For intravenous infusion, first prepare the solution by adding not more than 2 ml of sterile water for injections to the vial; this solution may then be added to 100 ml -1000 ml (but not less than 100 ml) of 5% dextrose in water (or isotonic saline solution or 5% dextrose in isotonic saline solution if patient is not on sodium restriction).

When reconstituted as directed the pH of the solution will range from 7.0 to 8.0 and the appearance of the solution is clear and colourless to almost colourless.

4.3 Contraindications

Hydrocortisone is contra-indicated:

- where there is known hypersensitivity to the active substance or any of the excipients listed in section 6.1

- in systemic fungal infection unless specific anti-infective therapy is employed.

Administration of live or live, attenuated vaccines is contraindicated in patients receiving immunosuppressive doses of corticosteroids.

4.4 Special warnings and precautions for use

Warnings and Precautions:

A Patient Information Leaflet is provided in the pack by the manufacturer.

Undesirable effects may be minimised by using the lowest effective dose for the minimum period.

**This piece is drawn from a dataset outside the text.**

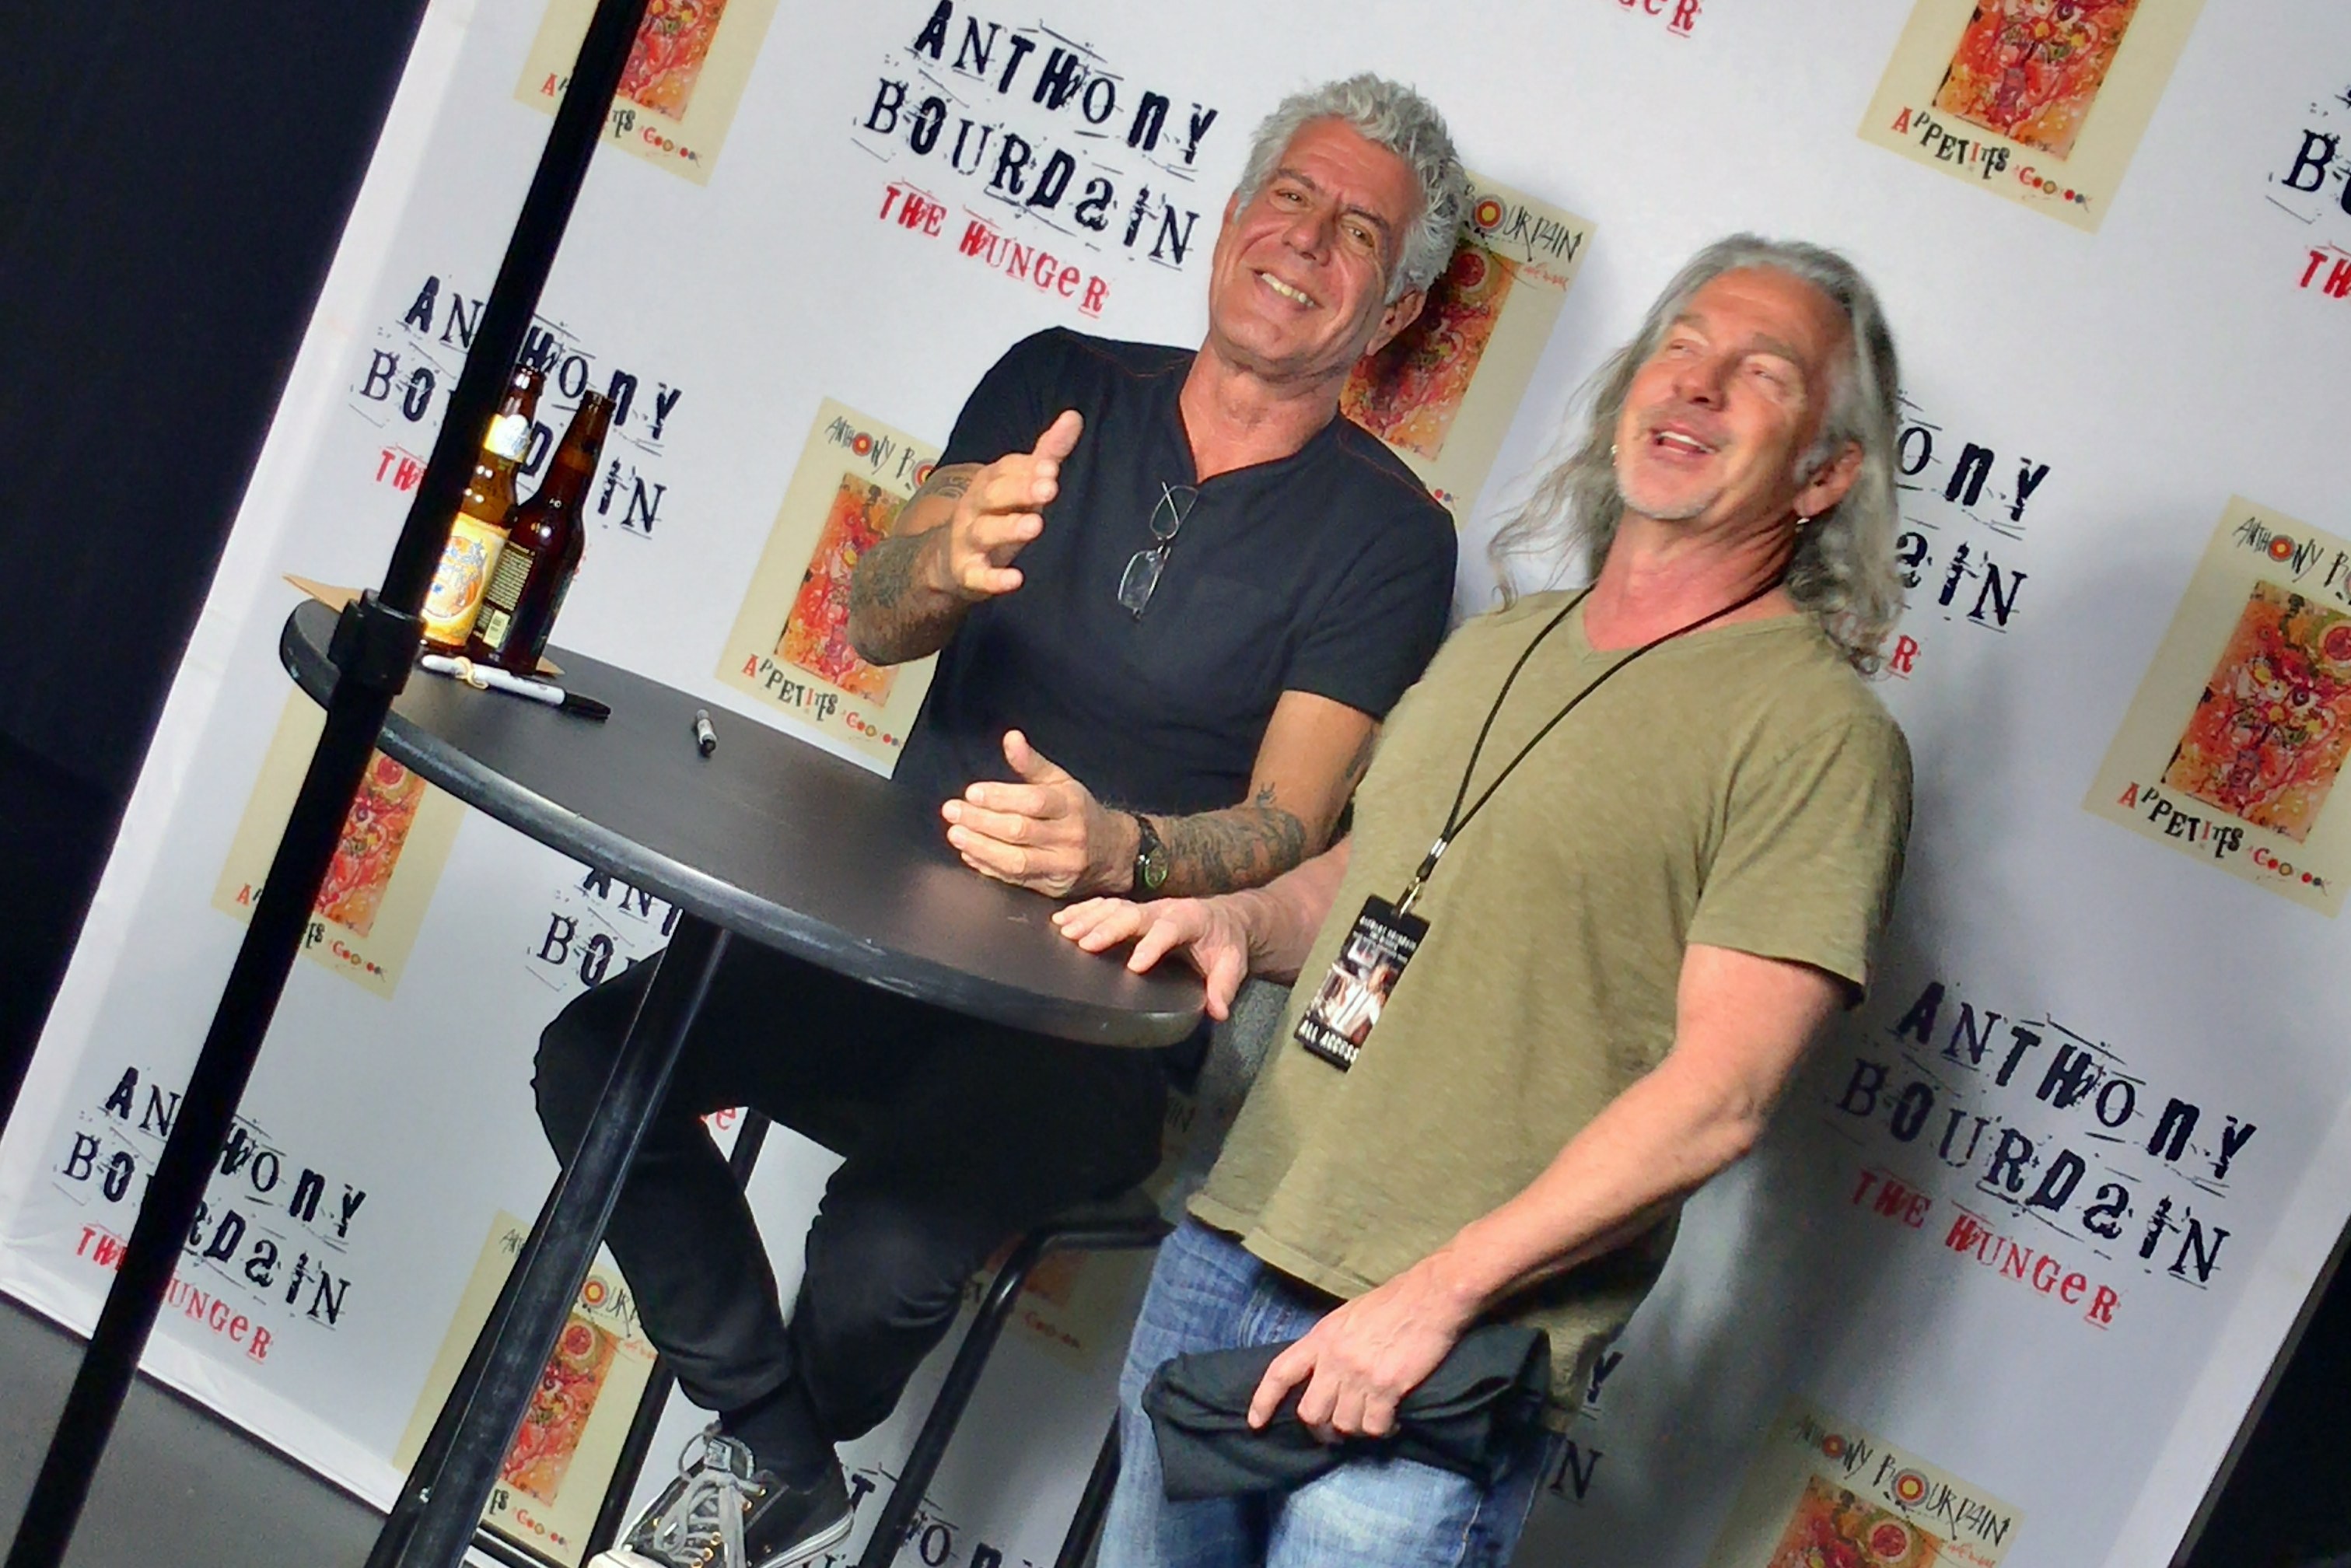 Anthony Bourdain Once Hated Denver, But Saw Potential by 2009

Frequent patient review is required to appropriately titrate the dose against disease activity (see Section 4.2).

Adrenal cortical atrophy develops during prolonged therapy and may persist for months after stopping treatment. In patients who have received more than physiological doses of systemic corticosteroids (approximately 30 mg hydrocortisone) for greater than 3 weeks, withdrawal should not be abrupt. How dose reduction should be carried out depends largely on whether the disease is likely to relapse as the dose of systemic corticosteroids is reduced. Clinical assessment of disease activity may be needed during withdrawal. If the disease is unlikely to relapse on withdrawal of systemic corticosteroids, but there is uncertainty about HPA suppression, the dose of systemic corticosteroid may be reduced rapidly to physiological doses. Once a daily dose of 30 mg hydrocortisone is reached, dose reduction should be slower to allow the HPA-axis to recover.

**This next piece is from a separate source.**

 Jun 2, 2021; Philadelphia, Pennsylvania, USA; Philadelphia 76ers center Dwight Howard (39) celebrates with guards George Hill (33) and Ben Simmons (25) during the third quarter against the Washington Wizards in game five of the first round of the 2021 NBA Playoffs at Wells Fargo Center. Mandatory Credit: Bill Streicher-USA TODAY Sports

Abrupt withdrawal of systemic corticosteroid treatment, which has continued up to 3 weeks is appropriate if it considered that the disease is unlikely to relapse. Abrupt withdrawal of doses up to 160 mg hydrocortisone for 3 weeks is unlikely to lead to clinically relevant HPA-axis suppression, in the majority of patients. In the following patient groups, gradual withdrawal of systemic corticosteroid therapy should be considered even after courses lasting 3 weeks or less:

• Patients who have had repeated courses of systemic corticosteroids, particularly if taken for greater than 3 weeks.

• When a short course has been prescribed within one year of cessation of long-term therapy (months or years).

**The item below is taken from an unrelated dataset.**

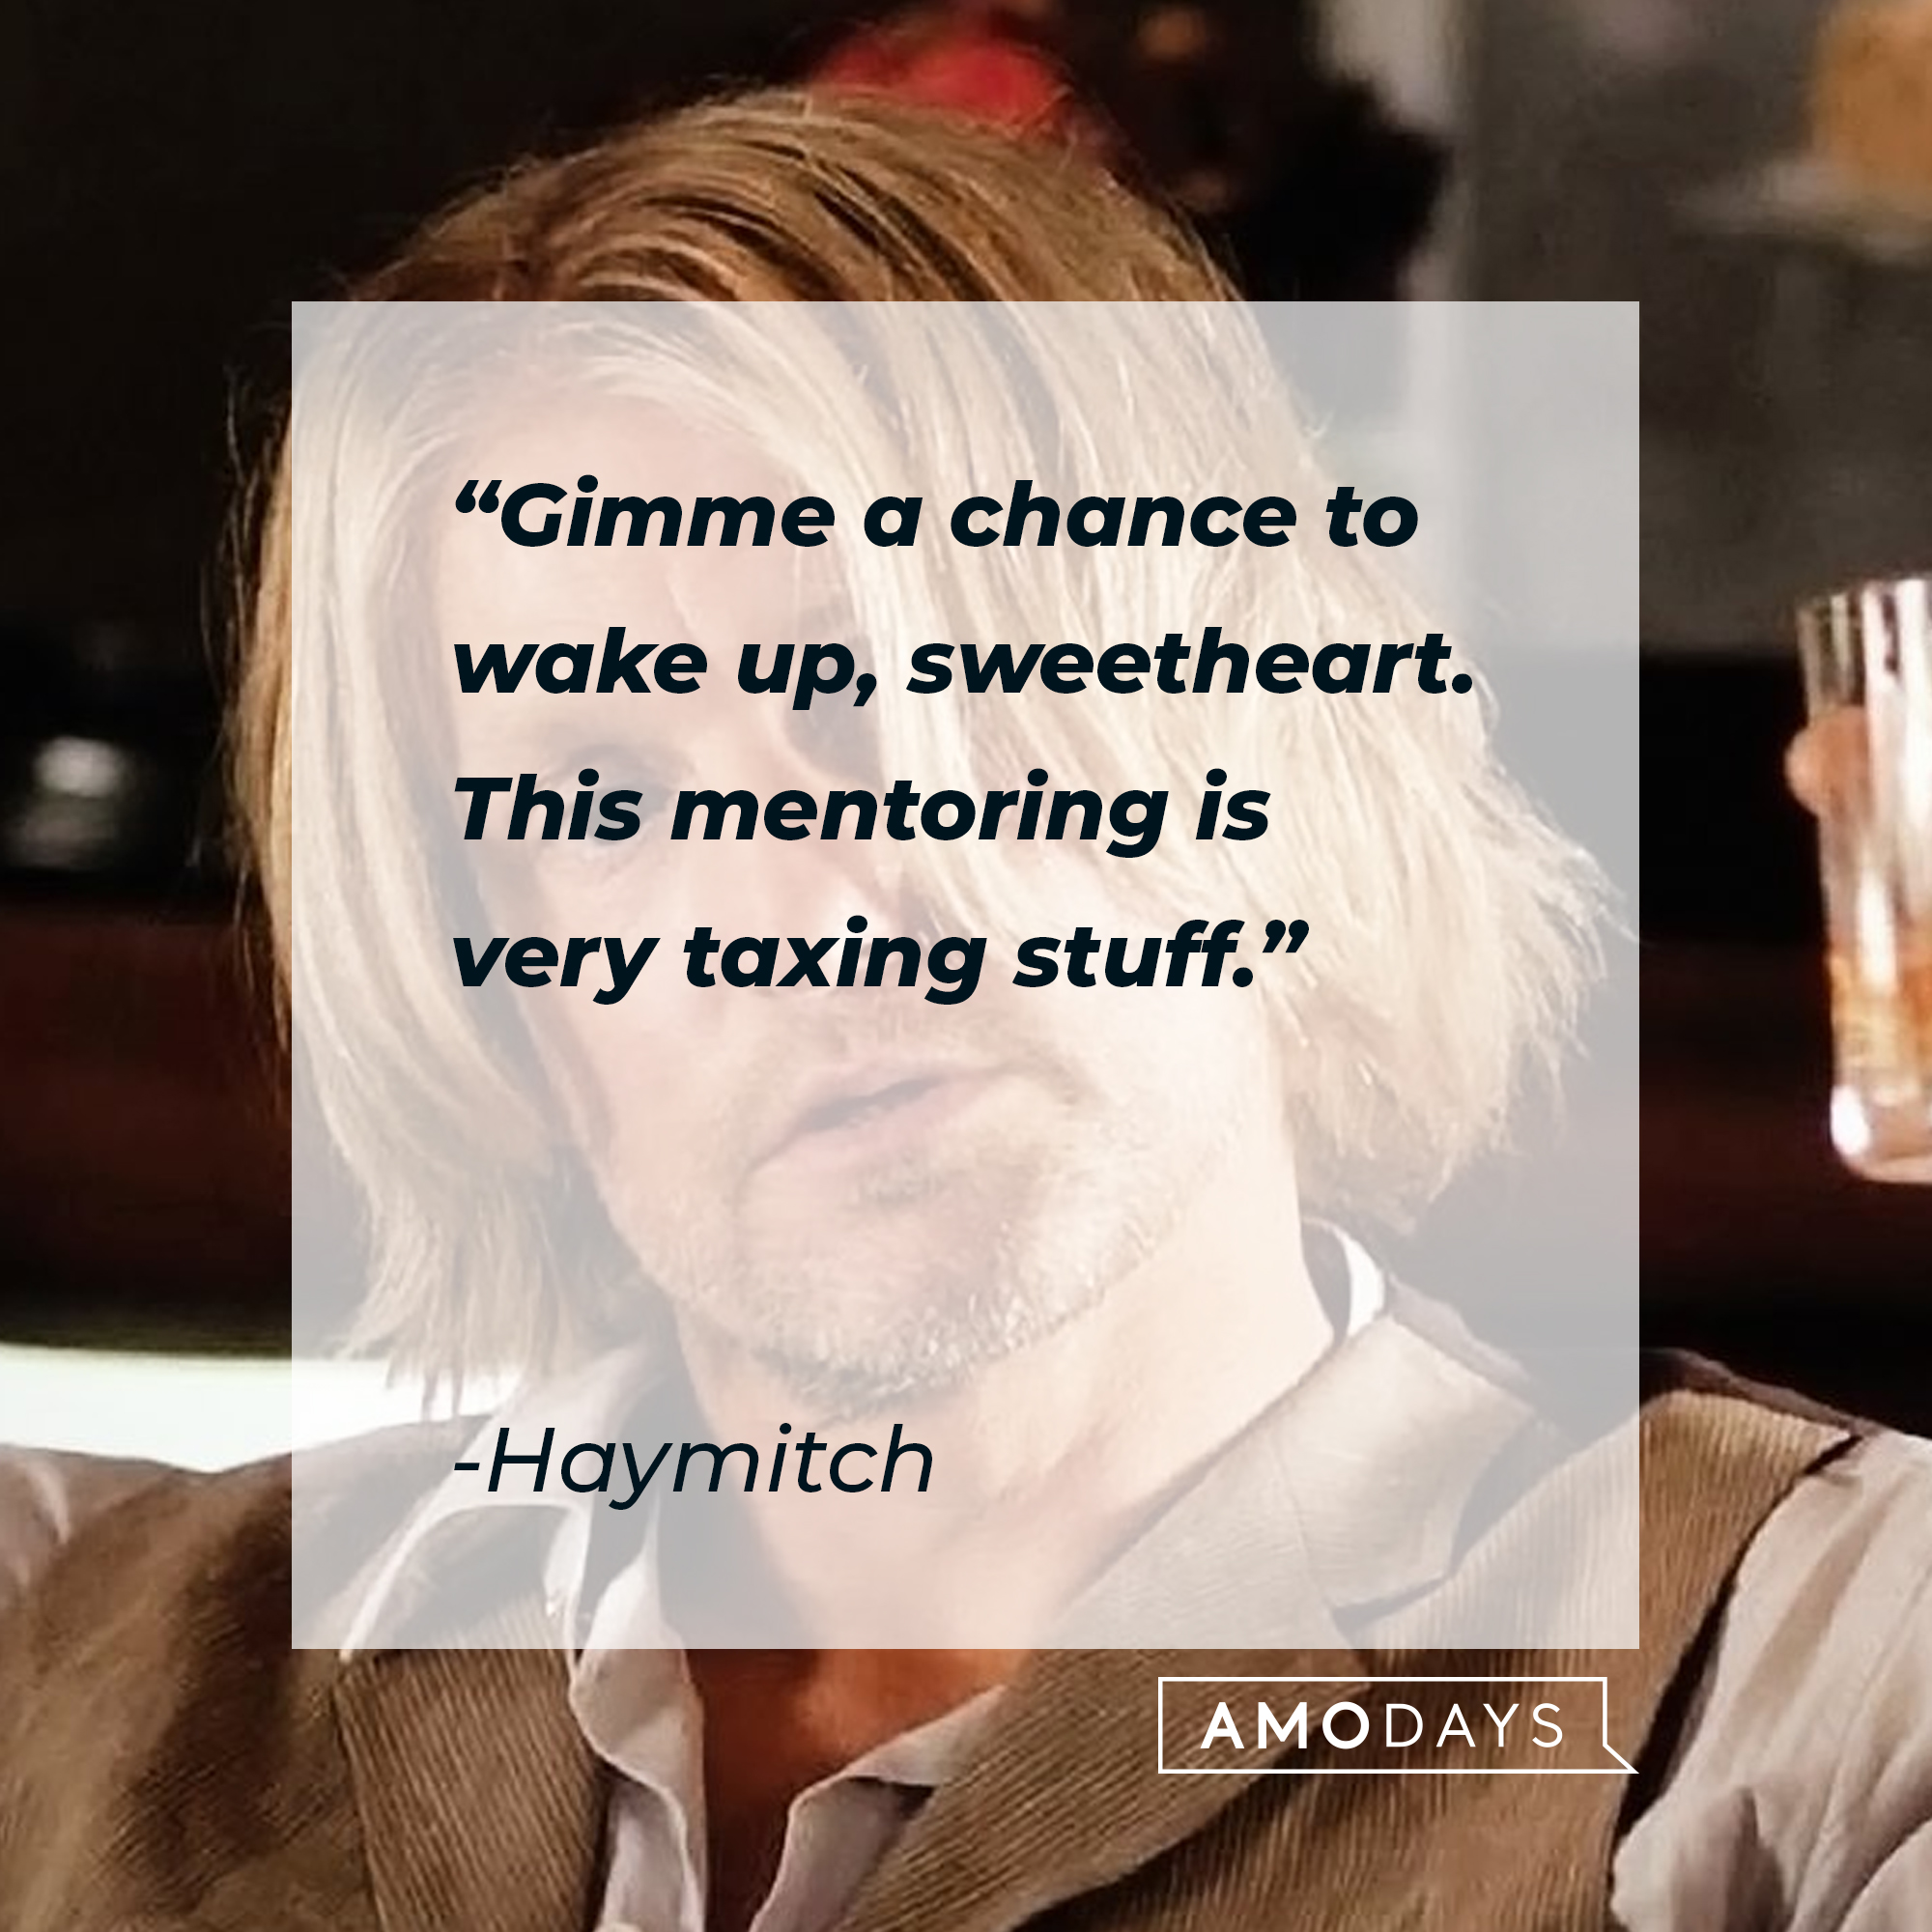 Haymitch's quote: "Gimme a chance to wake up, sweetheart. This mentoring is very taxing stuff." | Source: facebook.com/TheHungerGamesMovie

• Patients who may have reasons for adrenocortical insufficiency other than exogenous corticosteroid therapy.

• Patients receiving doses of systemic corticosteroid greater than 160 mg hydrocortisone.

• Patients repeatedly taking doses in the evening.

Patients should carry 'Steroid Treatment' cards which give clear guidance on the precautions to be taken to minimise risk and which provide details of prescriber, drug, dosage and the duration of treatment.

Corticosteroids may mask some signs of infection, and new infections may appear during their use. Suppression of the inflammatory response and immune function increases the susceptibility to fungal, viral and bacterial infections and their severity. The clinical presentation may often be atypical and may reach an advanced stage before being recognised.

Chickenpox is of serious concern since this normally minor illness may be fatal in immunosuppressed patients. Patients (or parents of children) without a definite history of chickenpox should be advised to avoid close personal contact with chickenpox or herpes zoster and if exposed they should seek urgent medical attention. Passive immunization with varicella/zoster immunoglobin (VZIG) is needed by exposed non-immune patients who are receiving systemic corticosteroids or who have used them within the previous 3 months; this should be given within 10 days of exposure to chickenpox. If a diagnosis of chickenpox is confirmed, the illness warrants specialist care and urgent treatment. Corticosteroids should not be stopped and the dose may need to be increased.

Exposure to measles should be avoided. Medical advice should be sought immediately if exposure occurs. Prophylaxis with normal intramuscular immuneglobulin may be needed.

Live vaccines should not be given to individuals with impaired immune responsiveness. The antibody response to other vaccines may be diminished.

The use of Hydrocortisone in active tuberculosis should be restricted to those cases of fulminating or disseminated tuberculosis in which the corticosteroid is used for the management of the disease in conjunction with appropriate antituberculosis regimen. If corticosteroids are indicated in patients with latent tuberculosis or tuberculin reactivity, close observation is necessary as reactivation of the disease may occur. During prolonged corticosteroid therapy, these patients should receive chemoprophylaxis.

Rarely anaphylactoid reactions have been reported following parenteral Hydrocortisone therapy. Physicians using the drug should be prepared to deal with such a possibility. Appropriate precautionary measures should be taken prior to administration, especially when the patient has a history of drug allergy.

Care should be taken for patients receiving cardioactive drugs such as digoxin because of steroid induced electrolyte disturbance/potassium loss (see Section 4.8).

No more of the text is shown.